Github actions for Docker image

mpetroff / pannellum

Pannellum is a lightweight, free, and open source panorama viewer for the web.

https://pannellum.org/

MIT License

4.15k stars 710 forks source link

Github actions for Docker image #1216

Closed Elbandi closed 1 month ago

Elbandi commented 1 month ago

This pr do lots of thins:

Adds a github action to build generate-panorama and push to gh container registry
Updated the image base to latest (24.04) Ubuntu LTS.
Add renovate bot to track and upgrade image and ubuntu package versions (this will trigger the action to rebuild image)

For renovatebot you need a PAT token (read only access).

mpetroff commented 1 month ago

This "fixes" things that aren't broken.

I have no desire to deal with the Github container registry (or any other container registry).
It's far too soon to update to Ubuntu 24.04. I'd at least wait for 24.04.1. The image base should be updated within the next year, though, before 20.04 goes out of support.
I see no benefit to setting explicit version numbers in the Dockerfile. And then adding a third-party service to create pull requests to update these explicit versions would just waste my time with reviewing unnecessary pull requests.

I appreciate the effort, but I don't see any value in these changes.

Elbandi commented 1 month ago

ok, as you want.
ubuntu focal end in 10 months. and i dont know why, hugin-tools is missing from 22.04 LTS. So it is a necessary think to upgrade to 24 so early...
security upgrade. If someone dont want to use 1-2 years old image, this is a possible solution to rebuild docker container if needs.
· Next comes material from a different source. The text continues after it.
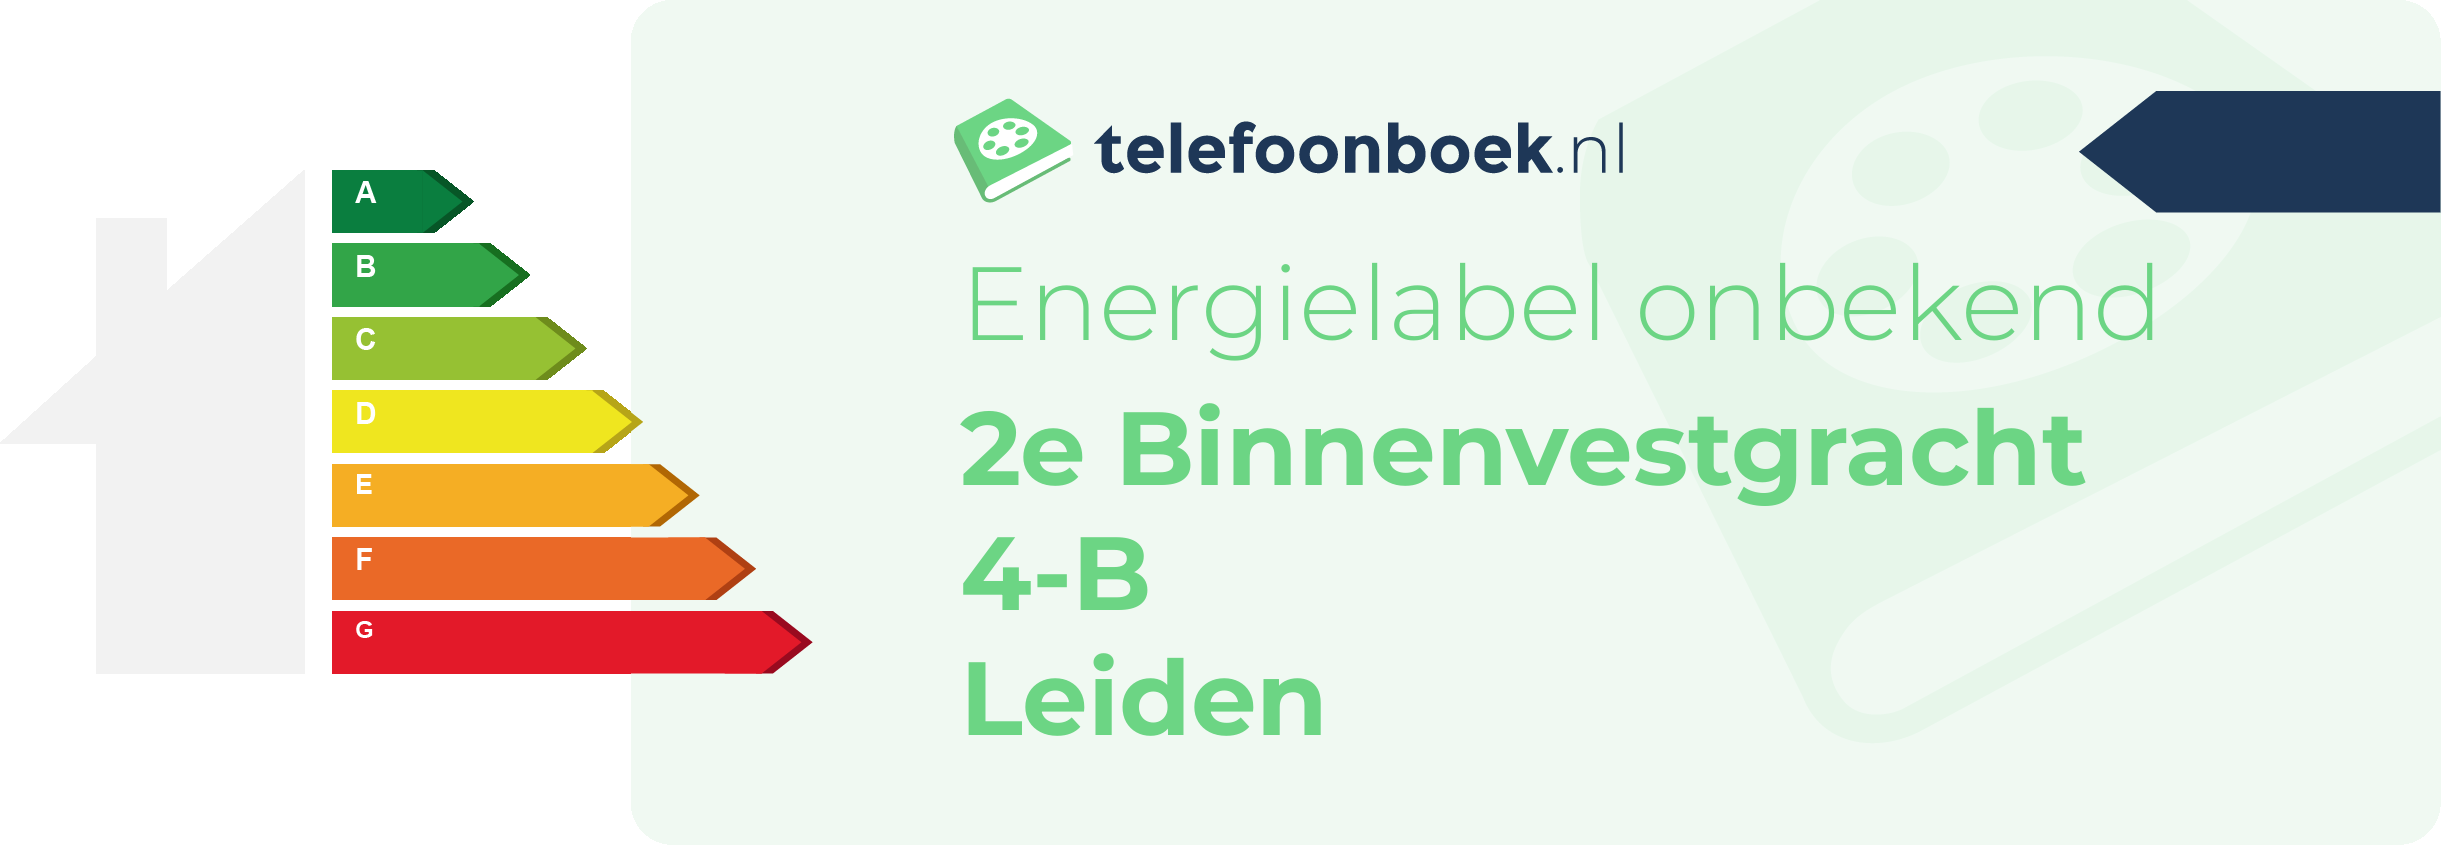 Energielabel 2e Binnenvestgracht 4-B Leiden
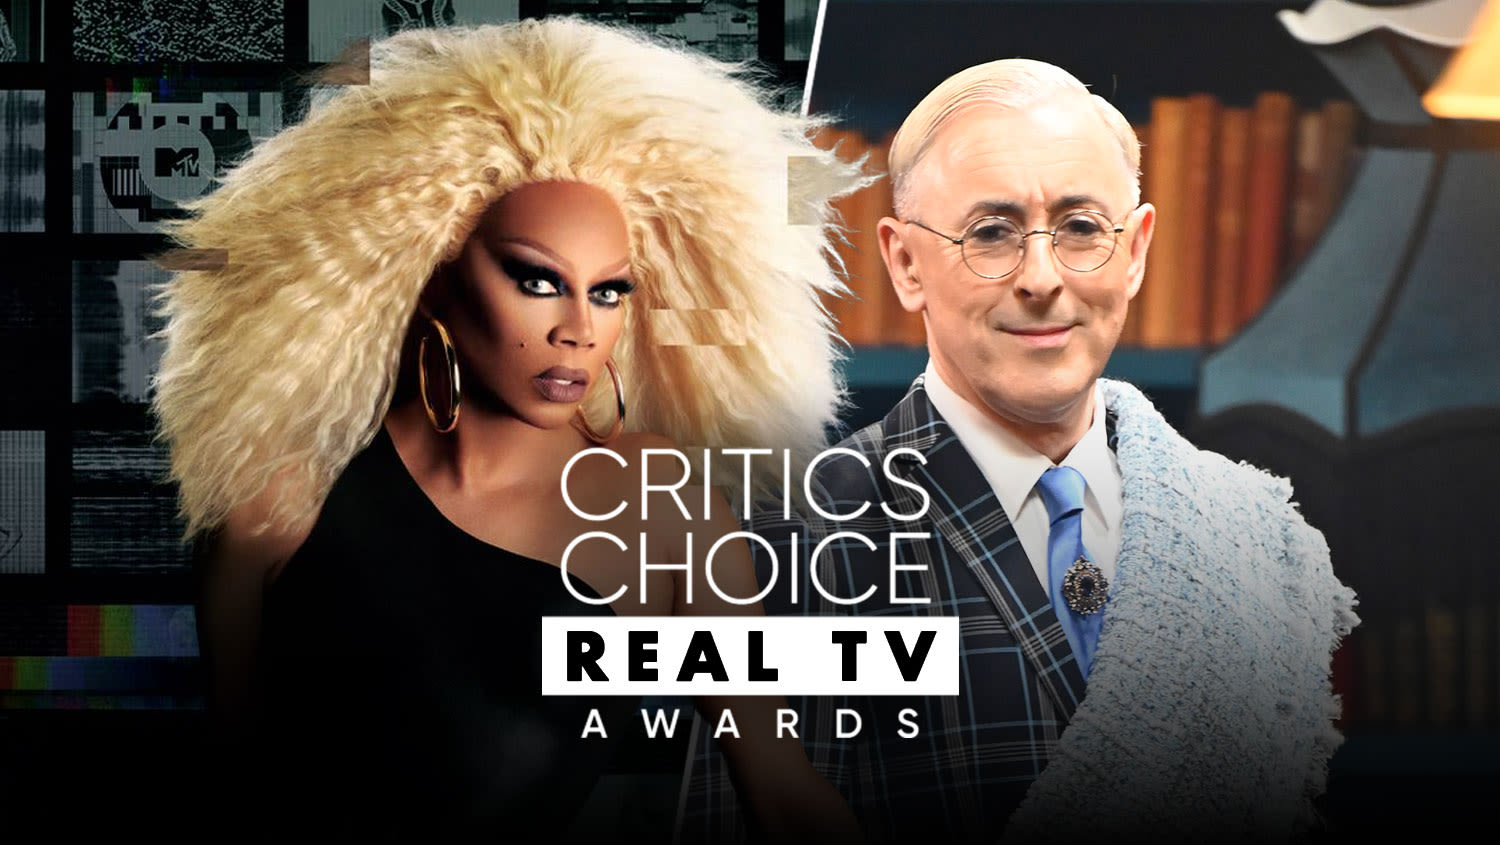 Critics Choice Real TV Awards Nominations List: ‘RuPaul’s Drag Race’ & ‘The Traitors’ Lead

mpetroff commented 1 month ago

Hugin was missing from Debian unstable for a brief period of time in early 2022 due to a dependency issue. It just happened to overlap with the time when Ubuntu 22.04 was branched off from it. The base image can be updated in a few months, once the bugs are worked out of 24.04 but still well before 20.04 goes out of support.

If you don't pin version numbers, the latest versions will be used. Pinning version numbers forces older packages to be used until the pinned version numbers are updated, which is the potential security issue, not the other way around.

Elbandi commented 1 month ago

The pined versions are upgraded by renovatebot. after versionupgrade PR is accepted (by hand or automatic), image build action is triggered. So you dont have to watch packages every day/weeks and start imagebuild yourself, workflow do it instead of you.

mpetroff commented 1 month ago

So you dont have to watch packages every day/weeks and start imagebuild yourself

Currently, I don't need to watch anything. With this change, I would need to deal with useless pull requests. Thus, it would make more work for me. Thus, it isn't happening.